Picture an alternate timeline:
·
The Academy accepts him in 1907.
·
Young Adolf thrives under mentors,
evolves into a celebrated architectural illustrator.
·
By the 1920s, he's exhibiting in art galleries,
designing posters for Wagner festivals.
·
No military coup; instead,
collaborations with artists in Vienna's vibrant scene.
·
World War I? He might have dodged it,
focusing on anti-war sketches.
·
Post-war Germany gains a voice for
beauty amid ruins—perhaps illustrating memorials that heal, not divide.
·
The Holocaust's 6 million lives must
have been spared;
·
WWII's 70-85 million deaths could
have been averted.
·
Europe would have rebuilt with
Hitler's canvases in museums, a testament to resilience.
As historian Timothy Ryback notes in
*Hitler's Private Library*, his early passions were cultural, not
genocidal—what if rejection hadn't twisted them?
This "what if" isn't fantasy; it's a mirror. Think of other
"rejects" like Van Gogh, who sold one painting in life yet lit the
world. It’s a choice.
A Call to See Potential:
No one arrives evil. Hitler's youth overflows with the same creativity in all
of us. History pivots on a single door: an acceptance letter, a kind word, a
second chance.
As an educator, we need to play a very crucial role in the lives of the students who are entrusted to our care. It is an inevitable virtue that we need to nurture within us to identify the potential within every student. Children come to us with different personalities and unique intelligences. We are not here to monopolise them under one category ‘studious’. Allow them to bloom in their own capacity and in their own time.

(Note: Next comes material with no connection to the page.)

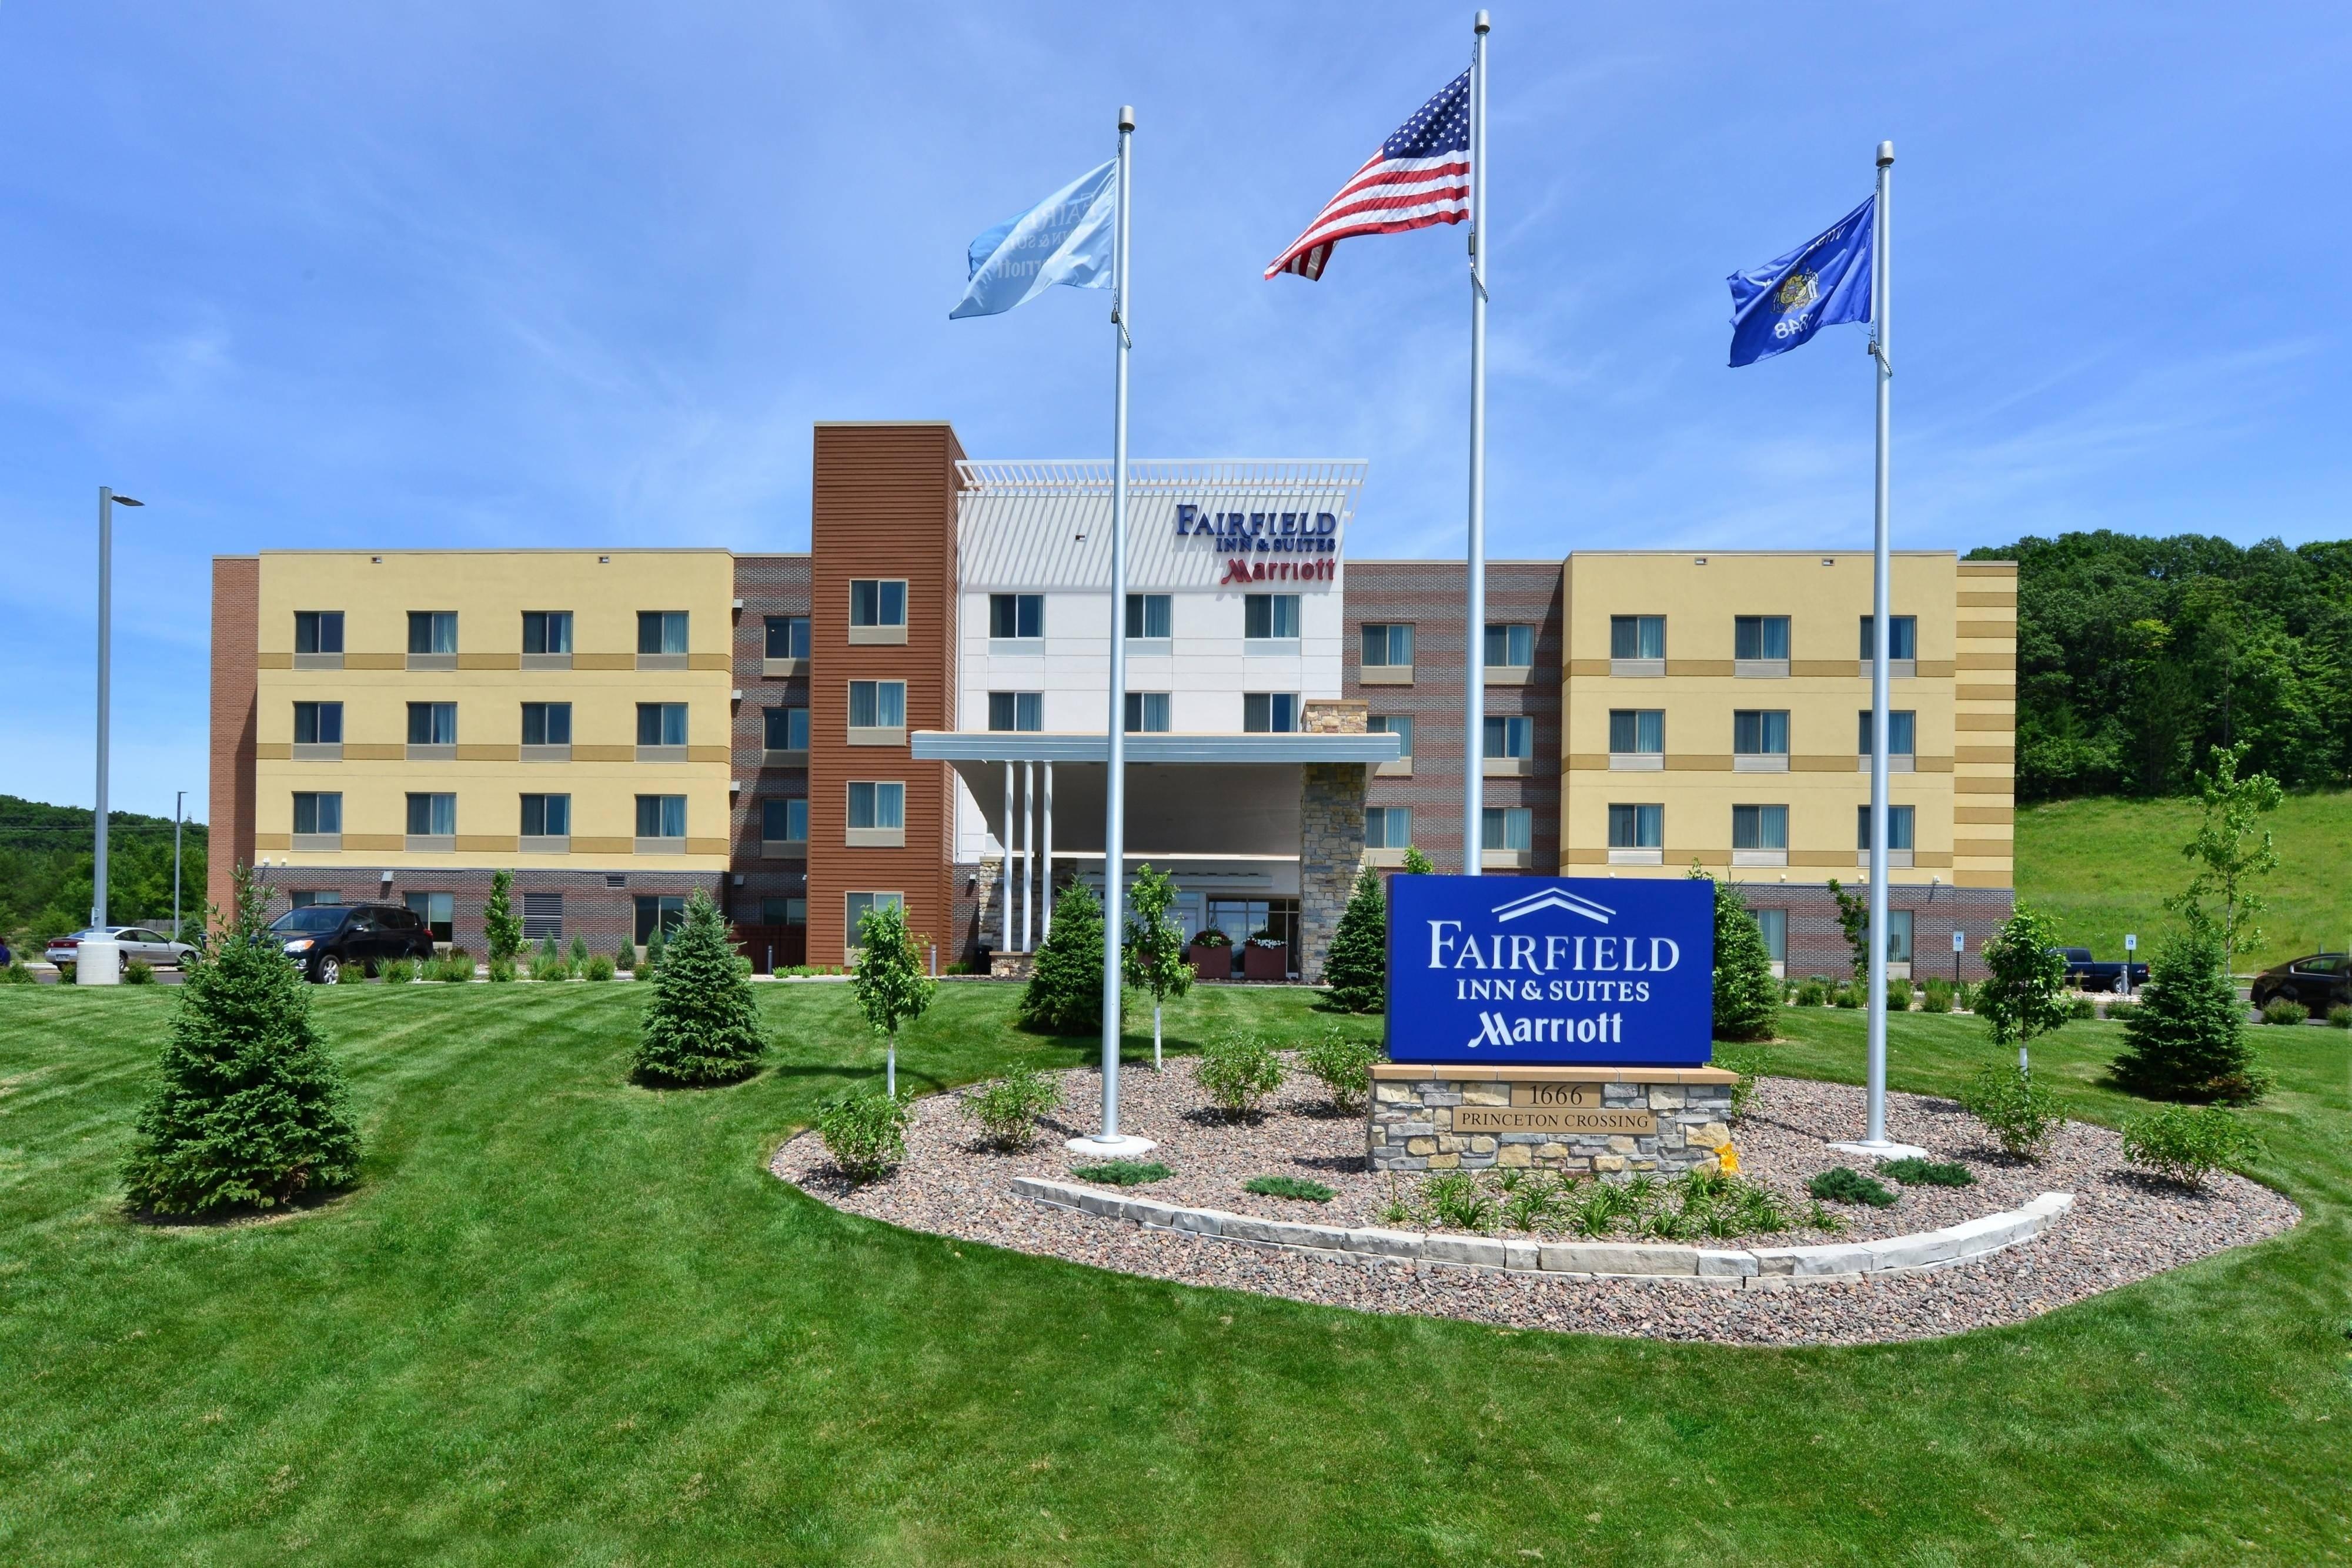 Fairfield Inn & Suites Eau Claire

Positive words shift focus from mistakes to
productive struggle, helping students reframe challenges positively and build
resilience.
Try using Praising phrases such as:
"Thank you for raising your hand"
"You worked so hard on that—I'm impressed!"
"I
see how much effort you're putting in; keep going."
"You're
getting better every time you try."
"Thank
you for helping your friend."
"I
love how you shared so kindly."
"You're
such a great problem-solver!"
"It's
okay to make mistakes—that's how we learn."
"You
can do it; I believe in you!"
"What
a fantastic idea—tell me more."
"You
did it all by yourself—great job!"
"Thank
you for listening so carefully."
"You're
an important part of our group."
"I appreciate your effort"
"You're showing great progress"
These phrases Bring about positive results inside the class room.
Choose the path of beauty:
Teachers can transform their classrooms by
weaving positive phrases into daily interactions. Spot the
artist in the outcast; nurture the spark before shadows grow.
In our classrooms, communities, and lives, let's choose the path of beauty.